The same guy who’d thrown her jumped down and wrapped his fingers around her upper arm, digging into flesh as he tugged her to her feet.
Three men stepped out of the car. Two of them were well-muscled and tall. The third, the more average-looking man, she assumed was Elijah.
River vaguely remembered them from Mickey’s club. The guy she assumed to be Elijah walked toward them slowly. One of his guys followed, while the other headed for the trunk, opening it and tugging someone out.
River’s lips separated, a gasp slipping from her throat.
Mickey…
His left eye was swollen shut and the entire left side of his face was bruised and battered. When the guy started to drag him forward, she noticed Mickey could barely hold himself up.
Elijah stopped, his eyes sliding down her body, assessing. River wanted to squirm under the scrutiny, but instead, she straightened, refusing to wither.
When Elijah finally looked to the guy holding her, the air she hadn’t realized she’d been holding whooshed from her chest.
“What the fuck happened, and what is she doing here?” he asked.
There was a tense silence. And when she looked at the man beside her, she saw cold, stark fear.
“We noticed a tail. It was one of the Deltas, so we stopped to kill the guy. He got the upper hand, killing four of our men. Before we could finish him, we heard police. So we got out of there.”
There was a slight narrowing of Elijah’s eyes. When he looked at the truck, unease slithered up her spine.
“And what about her?” The guy’s words were hard. They made her want to step back, away from the biggest threat here.
It was Brian who spoke this time. “She must have climbed into the truck while we were stopped.”
A deadly fury washed over Elijah’s face. It had the fine hairs on River’s arms standing on end. He tilted his head toward one of his guys.

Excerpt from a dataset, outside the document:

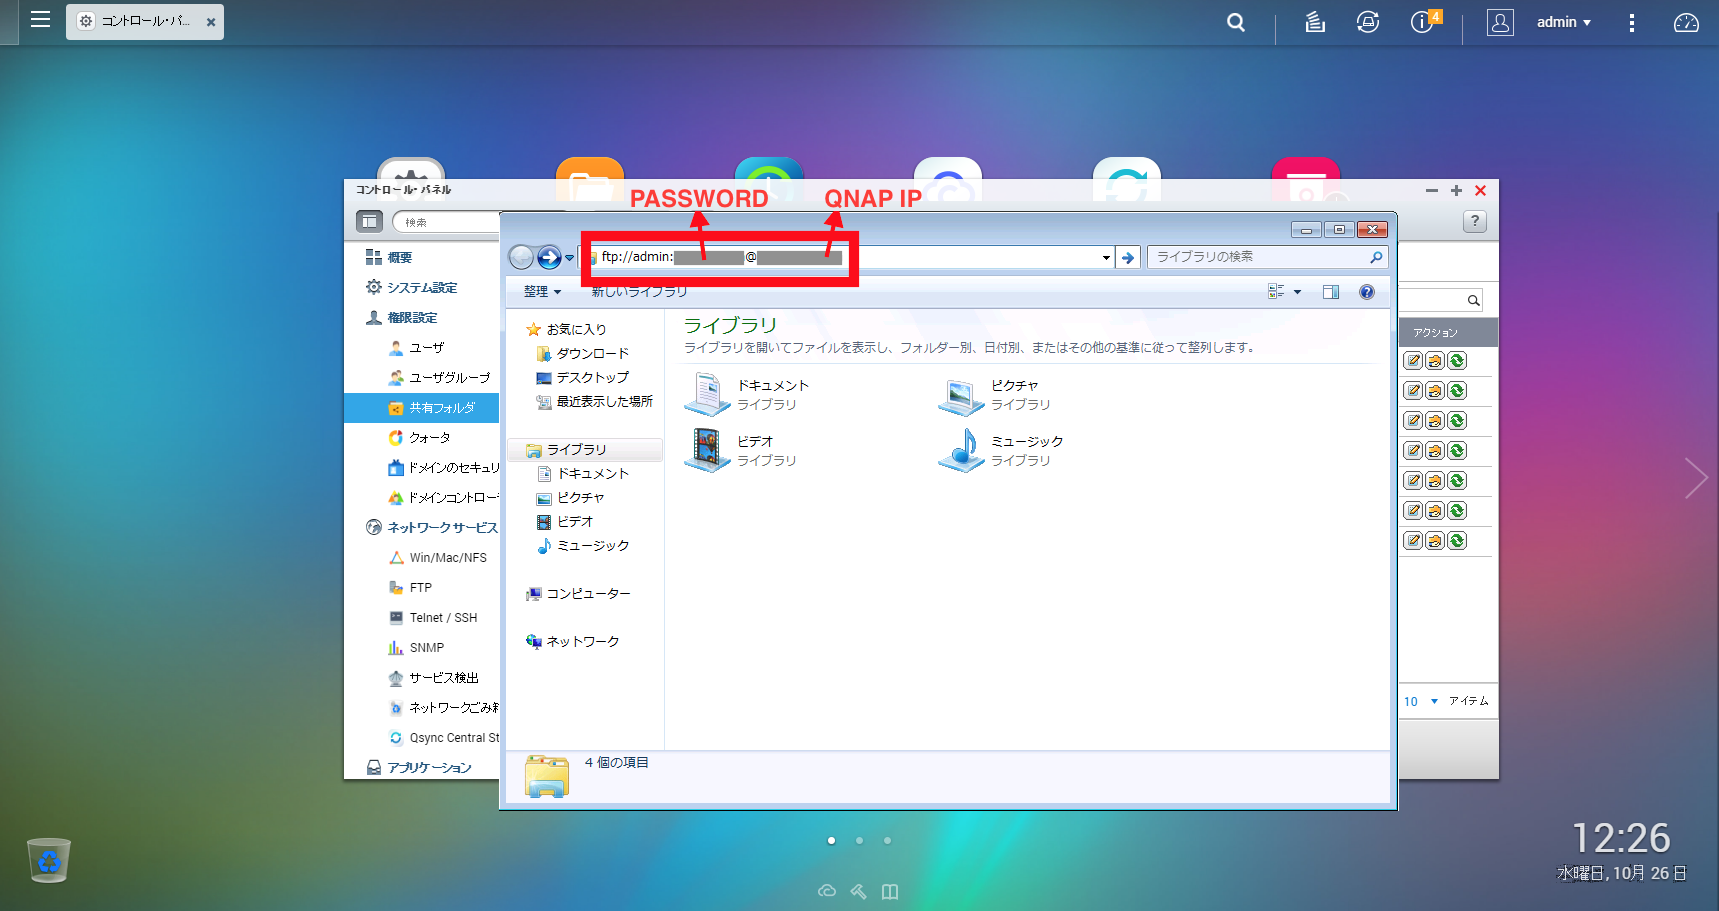 "Windows Explorerに直接「ftp://username:password@<まるごとQNAPのIPアドレス>/」と入力"" /></a></div> <div class="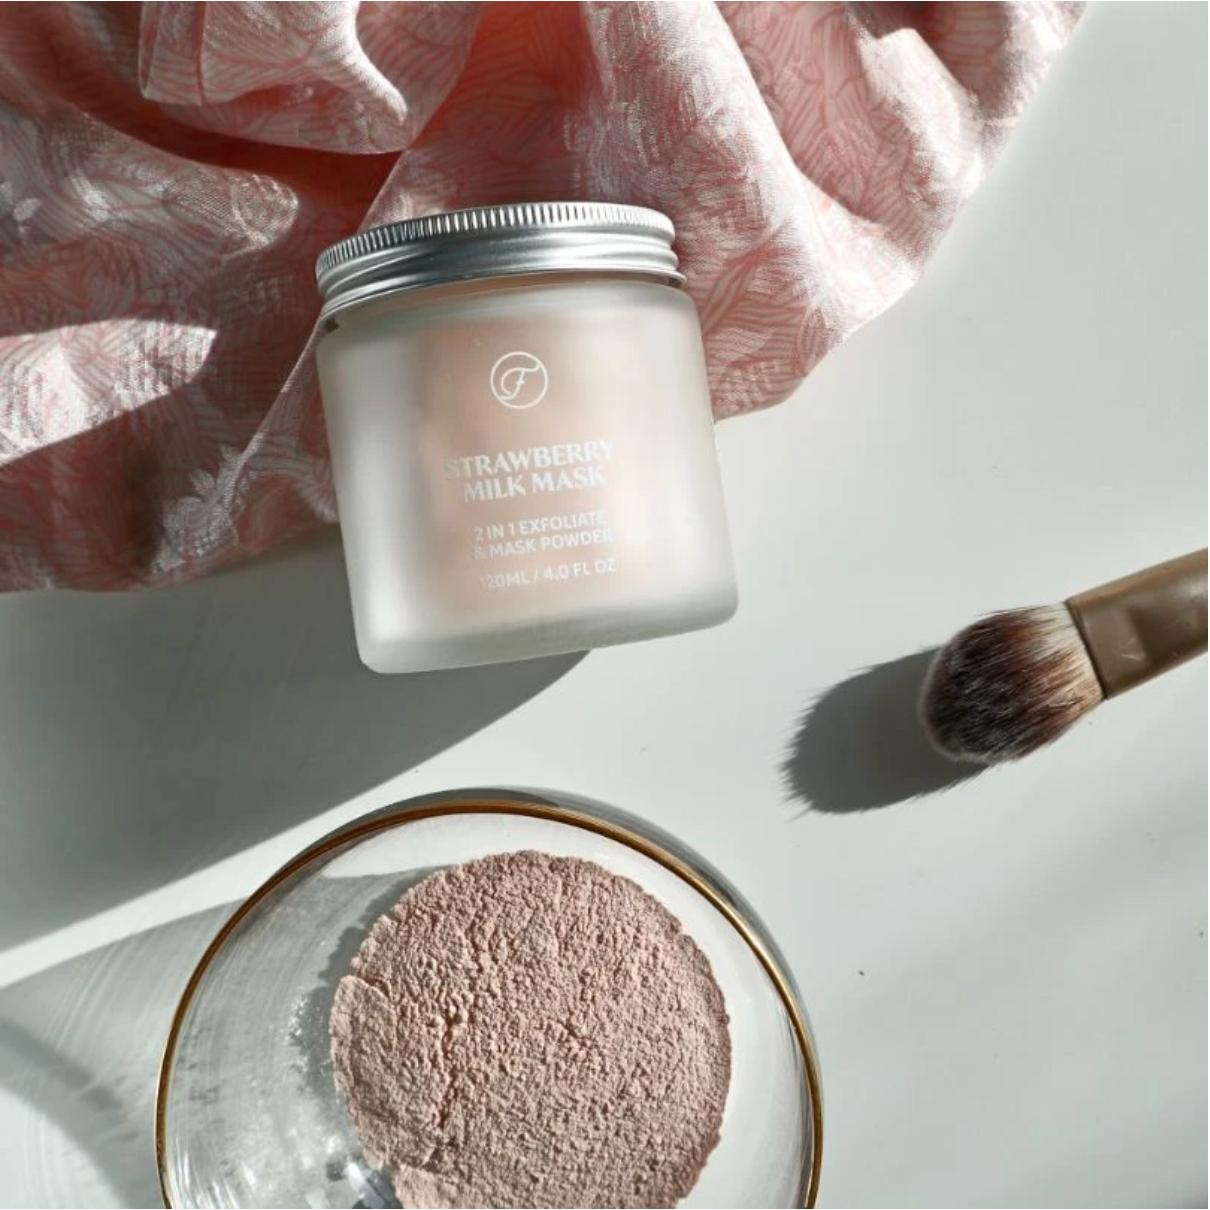 Strawberry Milk Mask -2 in 1- Flow Cosmetics-2

River’s belly cramped, fear fogging her mind as the man approached her. Rough hands skimmed over every inch of her body. When they reached her chest, he dove a hand inside her top, tugging the phone out from where she’d slid it between her bra and chest.

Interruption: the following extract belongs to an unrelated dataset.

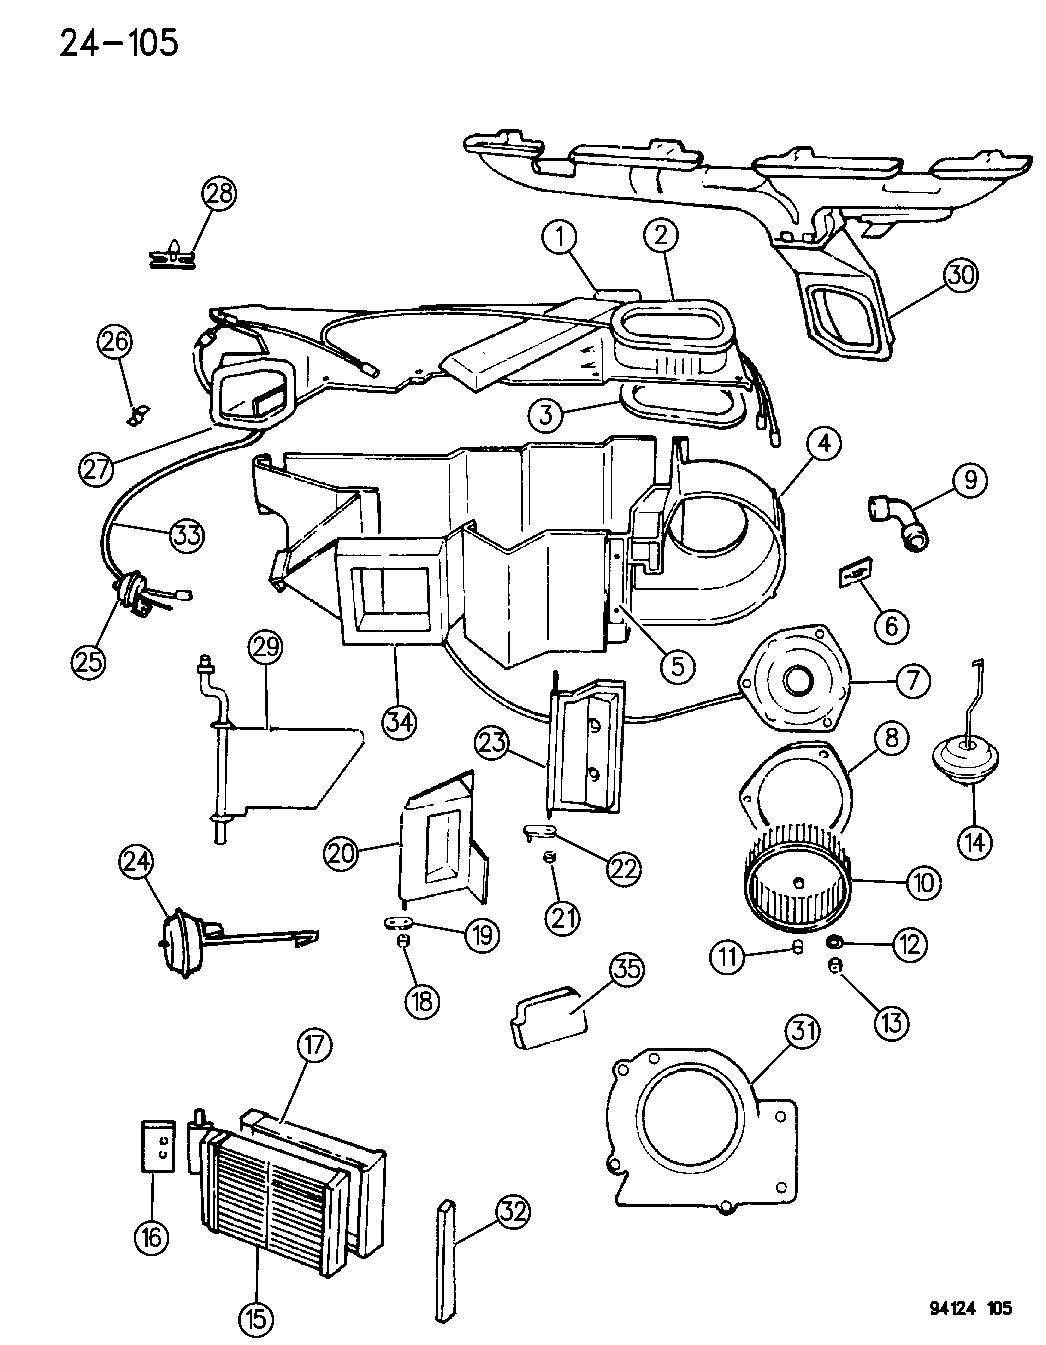 1994 chrysler lebaron gtc heater unit

He turned and delivered it to his boss.
If she’d thought the man looked angry before, that was nothing compared to now. He looked ready to kill.
He looked at the phone and pressed the end button before stomping on it.
She glanced to Brian and the other two guys. Their faces were white.
She barely had time to look back at Elijah before the man lifted a gun and shot all three of his thugs between the eyes.
The air cut off in her throat, silencing the scream that tried to escape. Dead. All of them. Including Jackson’s father. She glanced down in shock, vaguely noticing the small specks of blood on her arms. Her top.
Elijah turned to his guys. “Move! We need to get as many guns out of the truck as possible and put them in the trunk. They’ll be here any fucking second.”
The two men got to work, and Elijah turned to Mickey.
“You should’ve listened when I told you those men weren’t welcome in the club.” He took a small step forward. “You chose the wrong fucking guy to have a pissing contest with.”
The gun rose again, and River quickly shut her eyes before the next bullet was fired.
When she opened them again, Mickey was on the ground, eyes wide and blood pouring from the wound in his head.
She pressed a hand to her mouth as bile crawled up her throat.
When Elijah finally turned toward her, her entire body shook in terror. “Al.” One of the men stopped. “Put her in the car. The money we lose on the firearms, we’ll make up with her sale.”
River lowered her hand slowly, breaths sawing in and out of her chest. “My sale?”
Elijah tucked his gun back into a holster, completely ignoring her.
River couldn’t speak again. She could barely breathe. They were going to…what? Drive her over the border to Canada and sell her?
She shot a quick glance the way they’d come.
Nothing. Jackson would be too late.
Out of instinct, she tried to run, the logical part of her brain knowing there was nowhere to go, the terror-filled side needing to try.
Before she could take more than two steps, one of Elijah’s guys grabbed her. Then there was a sharp pain to her skull that turned her world black.